# How to make XBox 360 remote controller?



## Frankie's Girl (Aug 27, 2007)

Do you mean a costume for him to wear?


----------



## stay-at-home mom (Sep 24, 2009)

*Yes, an XBox 360 controller to wear*

A supersized XBox 360 controller.


----------



## Frankie's Girl (Aug 27, 2007)

If it was me, I'd try using either foam (like the couch cushion stuff) and sewing a cover out of fabric with the details in different colored fabric panels. 

You could try making it out of paper maché - but the frame for the maché is a booger... maybe chickenwire, but you'd have to do fittings with him and make sure that the openings for his arms/legs/head are well cushioned and padded so as not to scratch him up. 
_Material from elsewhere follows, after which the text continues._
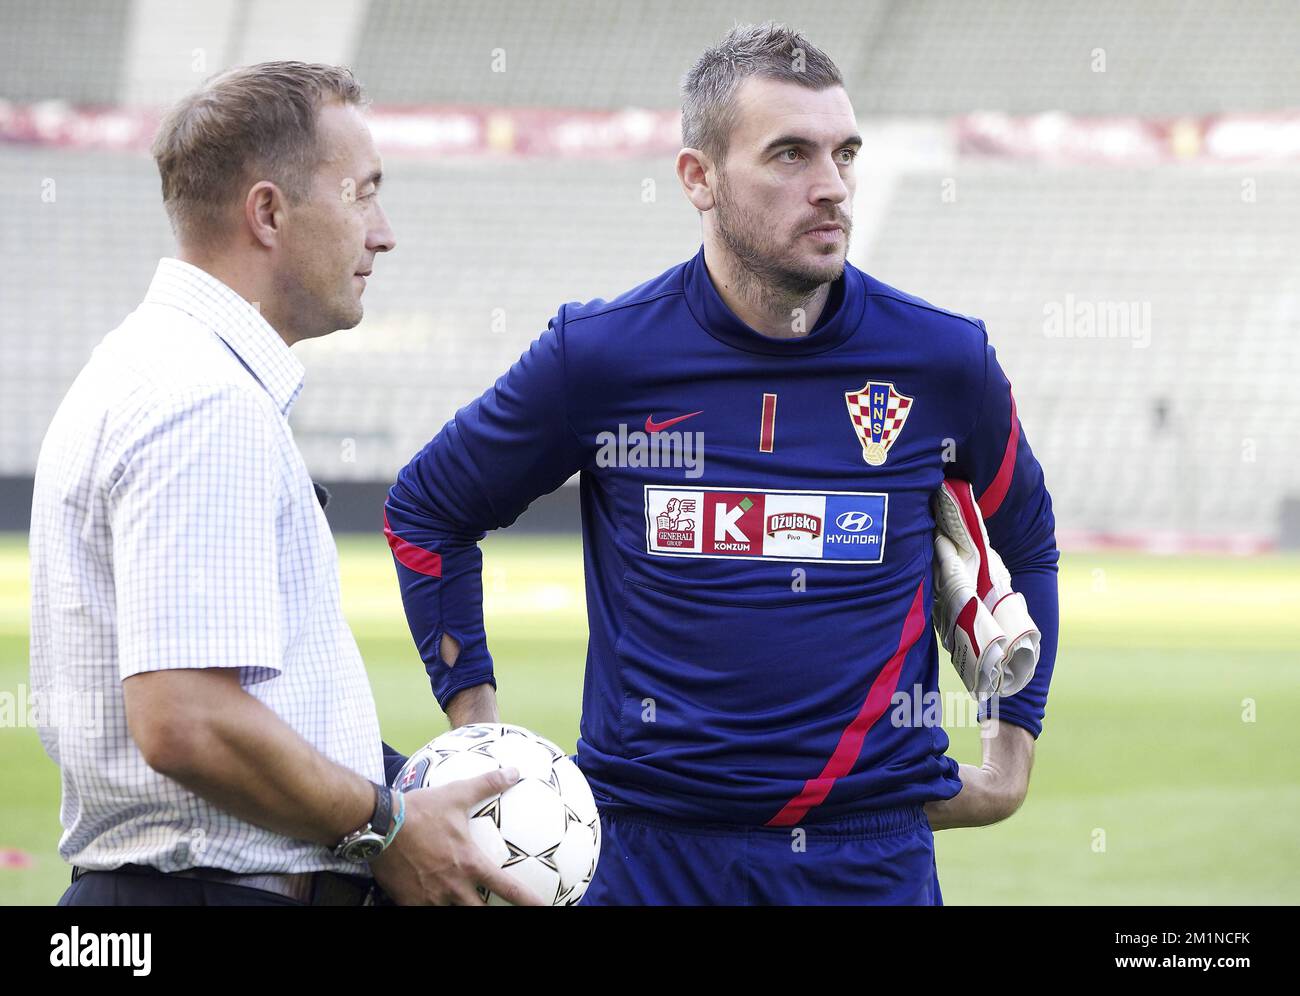 20120910 - BRUSSELS, BELGIUM: Croatian's goalkeeper Stipe Pletikosa pictured during a training session of the Croatian national soccer team, Monday 10 September 2012 at the King Baudouin stadium, in Brussels. The team is preparing for the second qualifying match for the 2014 Soccer World Championships, against Belgium tomorrow. BELGA PHOTO NICOLAS MAETERLINCK Stock Photo

I'm sure someone else will have a better solution....


----------



## ruggerz (Nov 3, 2008)

Xbox Costume

this?


Bit of a tricky one,,,

Ruggerz


----------



## bodysnatcher666 (Nov 3, 2008)

wow that is a hard on to do just because of the shape!!! the one above is the old xbox not the 360.... lol i am a gamer i am thinking of something for you. what did u make the wii out of last year? all you need to do is use that same concept, make a hole for the head and paint the green and silver x has if the head was the power up/ menu botton. amd the arms as the 2 joysticks


----------



## bodysnatcher666 (Nov 3, 2008)

you can also find some of those battery powered led lights and place them around the head as to give a glow to the botton, that will look so good.


----------



## stay-at-home mom (Sep 24, 2009)

*The controller, not the box*

Hey, thanks for your replies. I am looking to make the controller - the part that the gamer holds in hands, not the system box. It looks like I'll either have to carve foam. Better start now. . . any more ideas, I will check back. Again, thanks.


----------



## alibfriedman (Oct 23, 2009)

I am actually making an xbox controller too. So far I bought the foam stuff that goes on a house before siding from loews. It was inexpensive. I am now working on how to make it look like the controller. Let me know what you come up with. Thanks.


----------